Researchers from the Software Systems Laboratory bagged a Best Paper Award at the 16th USENIX Symposium on Operating Systems Design and Implementation (OSDI 2021). OSDI is “a premier forum for discussing the design, implementation, and implications of systems software.” A total of six research papers from the department were accepted to the conference.

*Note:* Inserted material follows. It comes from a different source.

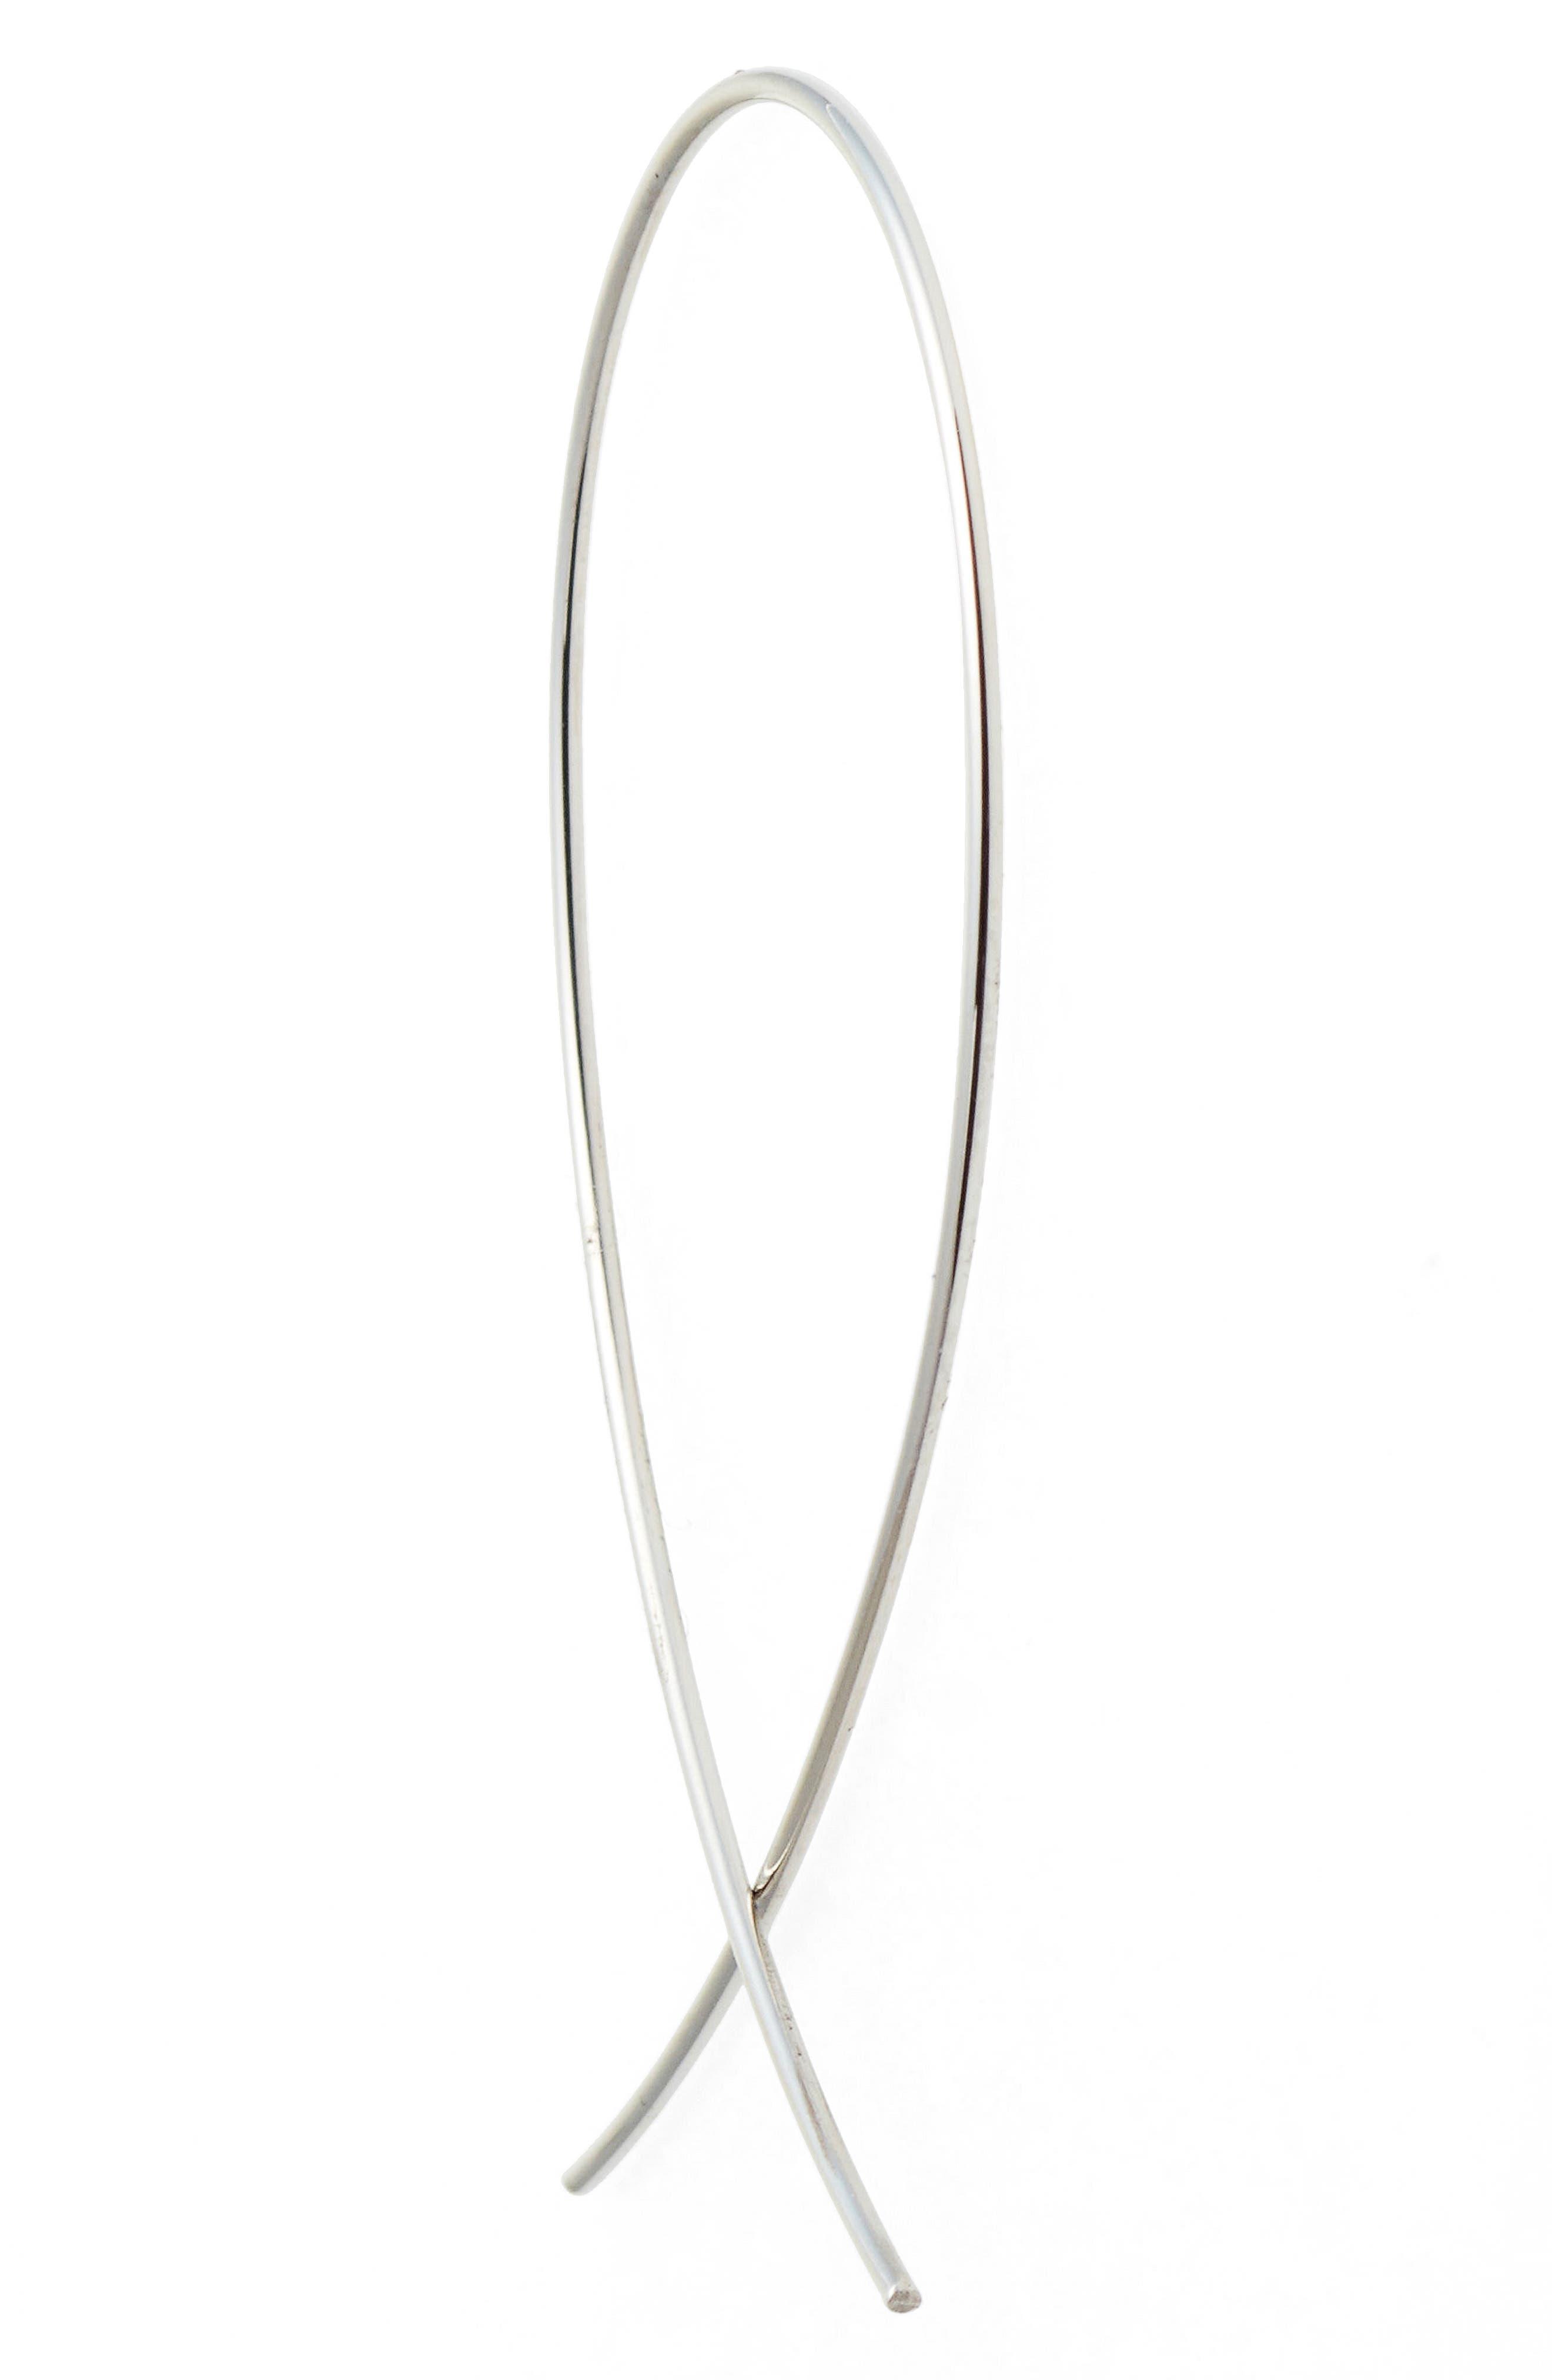 'Upside Down' Small Hoop Earrings,                             Alternate thumbnail 3, color,                             WHITE GOLD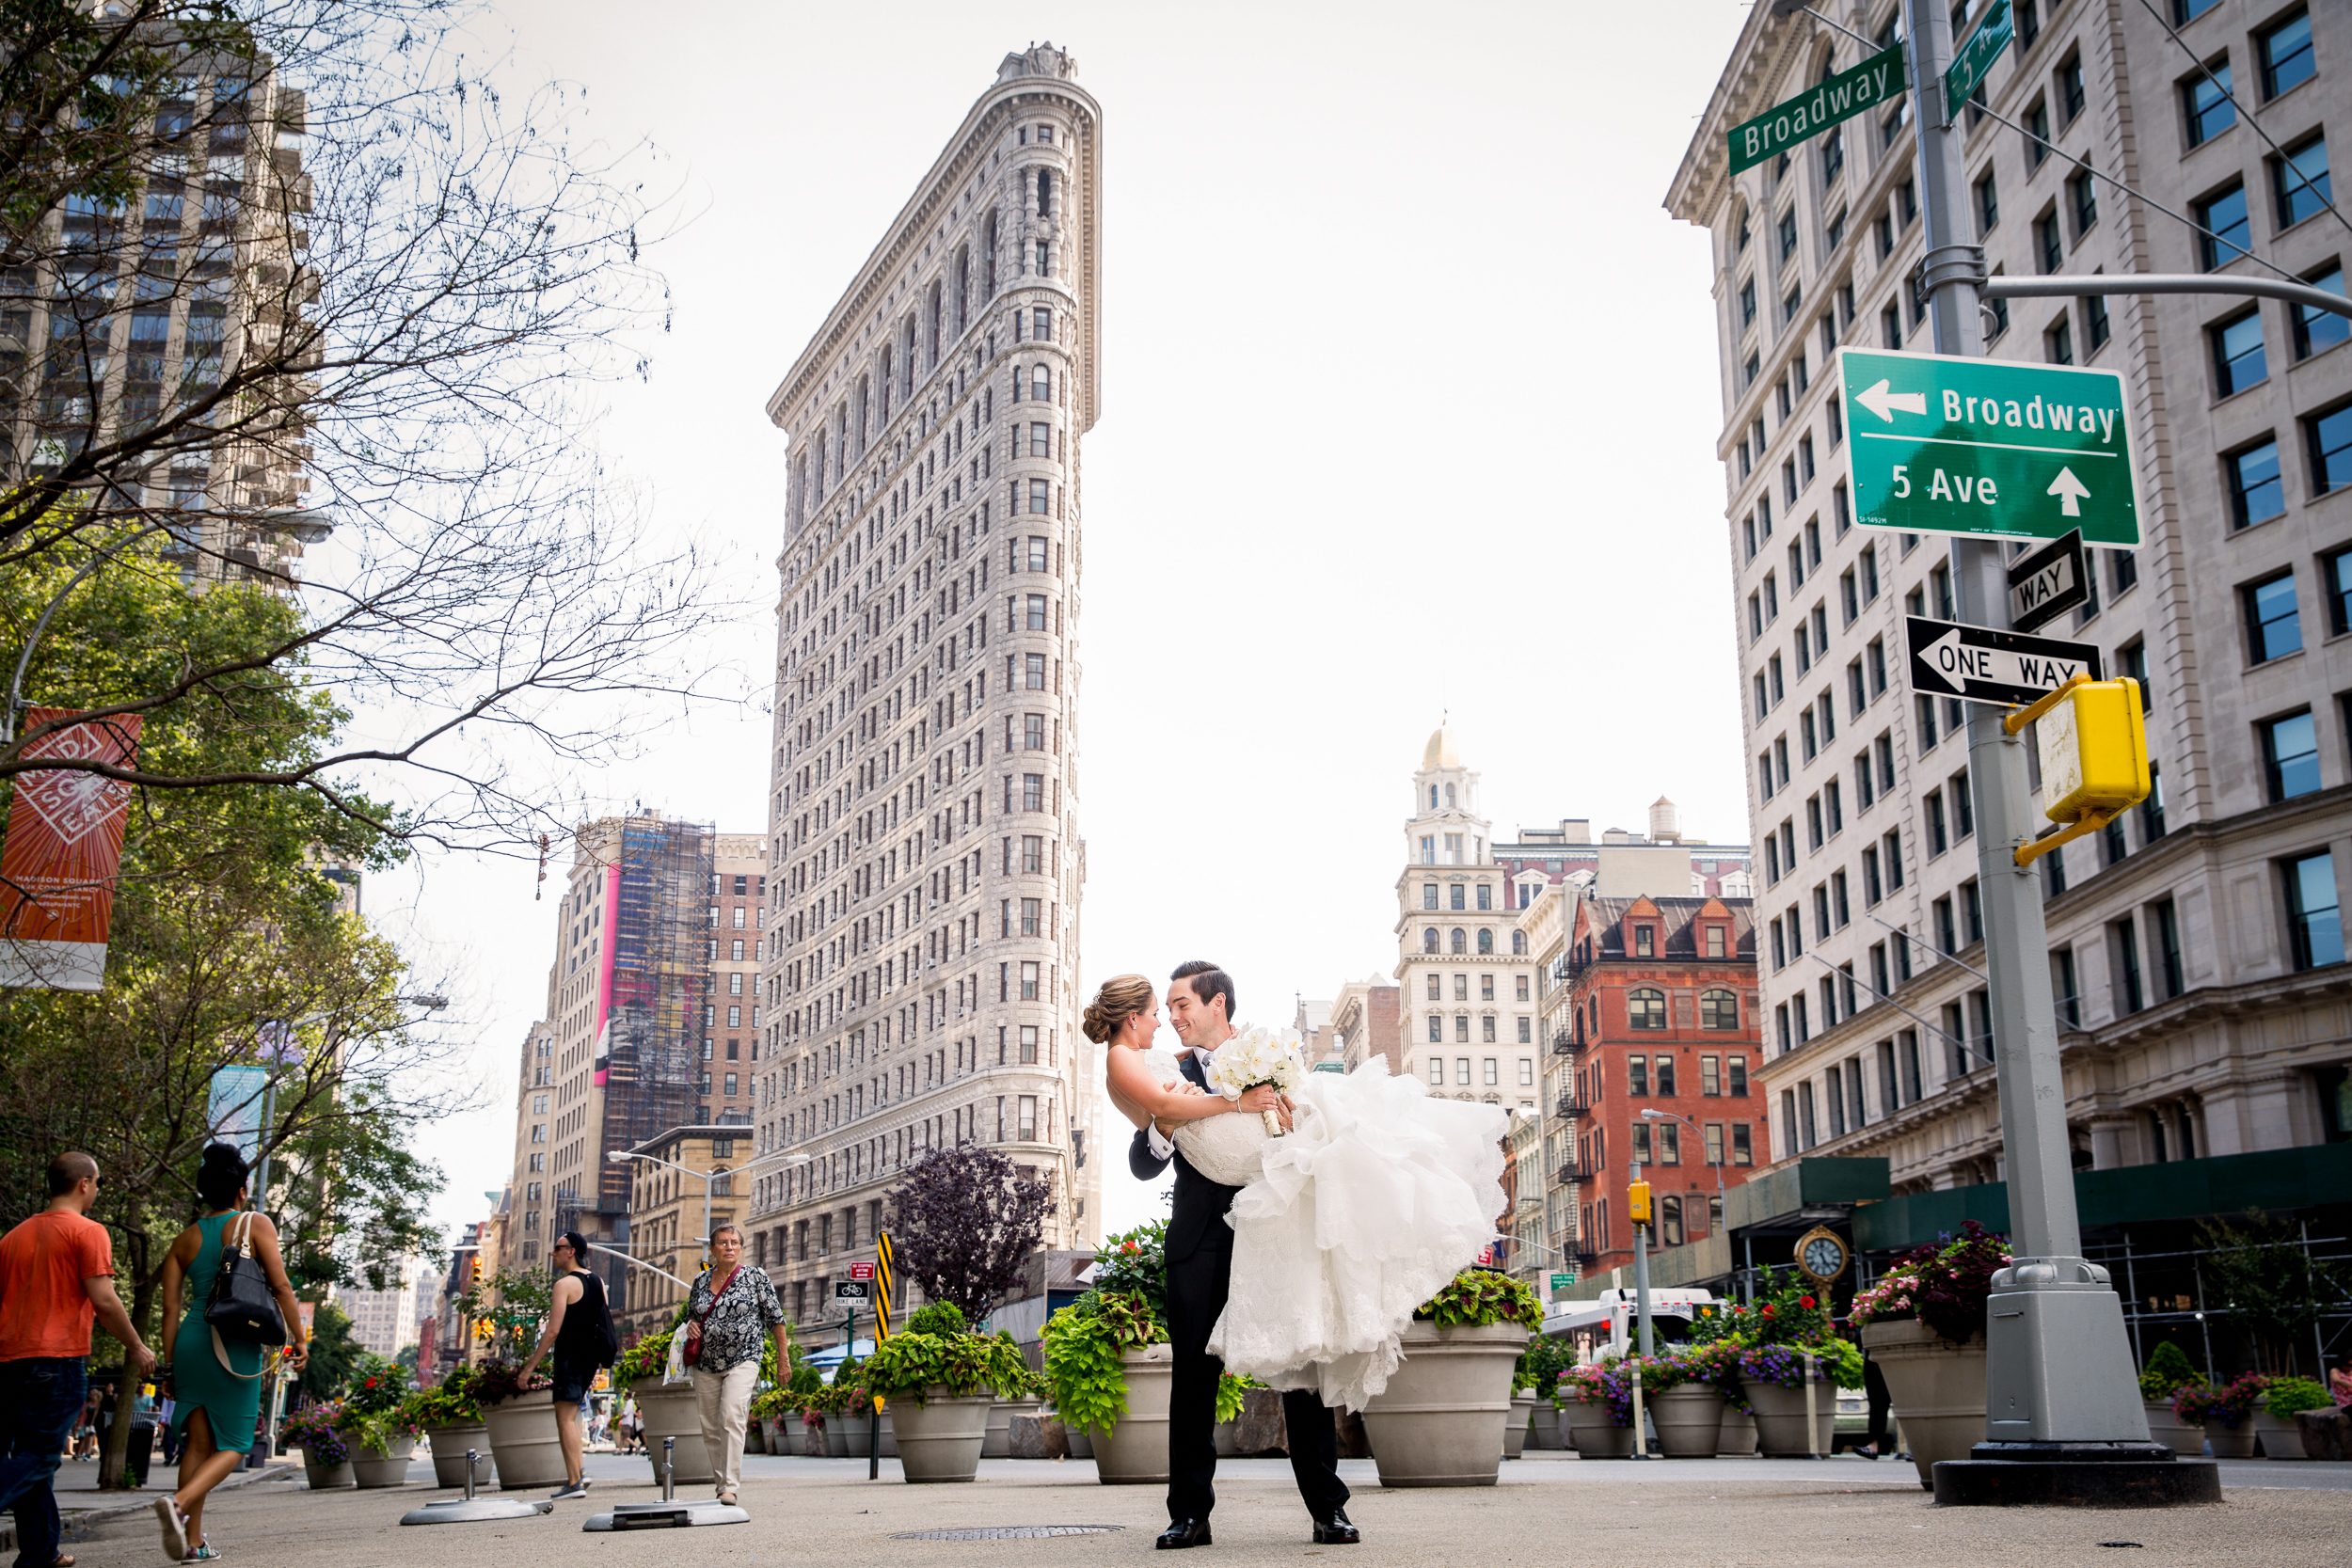 Ceci_New_York_Style_Luxury_Custom_Summer_Wedding_CeciBride_Letterpress_NewYork_Foil_Lighthouse_Chelsea_Piers_26.jpg

Jay Lepreau Best Paper Award, OSDI’22
XRP: In-Kernel Storage Functions with eBPF
Yuhong Zhong Columbia University, Haoyu Li Columbia University, Yu Jian Wu Columbia University, Ioannis Zarkadas Columbia University, Jeffrey Tao Columbia University, Evan Mesterhazy Columbia University, Michael Makris Columbia University, Junfeng Yang Columbia University, Amy Tai Google, Ryan Stutsman University of Utah; Asaf Cidon Columbia University
With the emergence of microsecond-scale NVMe storage devices, the Linux kernel storage stack overhead has become significant, almost doubling access times. We present XRP, a framework that allows applications to execute user-defined storage functions, such as index lookups or aggregations, from an eBPF hook in the NVMe driver, safely bypassing most of the kernel’s storage stack. To preserve file system semantics, XRP propagates a small amount of kernel state to its NVMe driver hook where the user-registered eBPF functions are called. We show how two key-value stores, BPF-KV, a simple B+-tree key-value store, and WiredTiger, a popular log-structured merge tree storage engine, can leverage XRP to significantly improve throughput and latency.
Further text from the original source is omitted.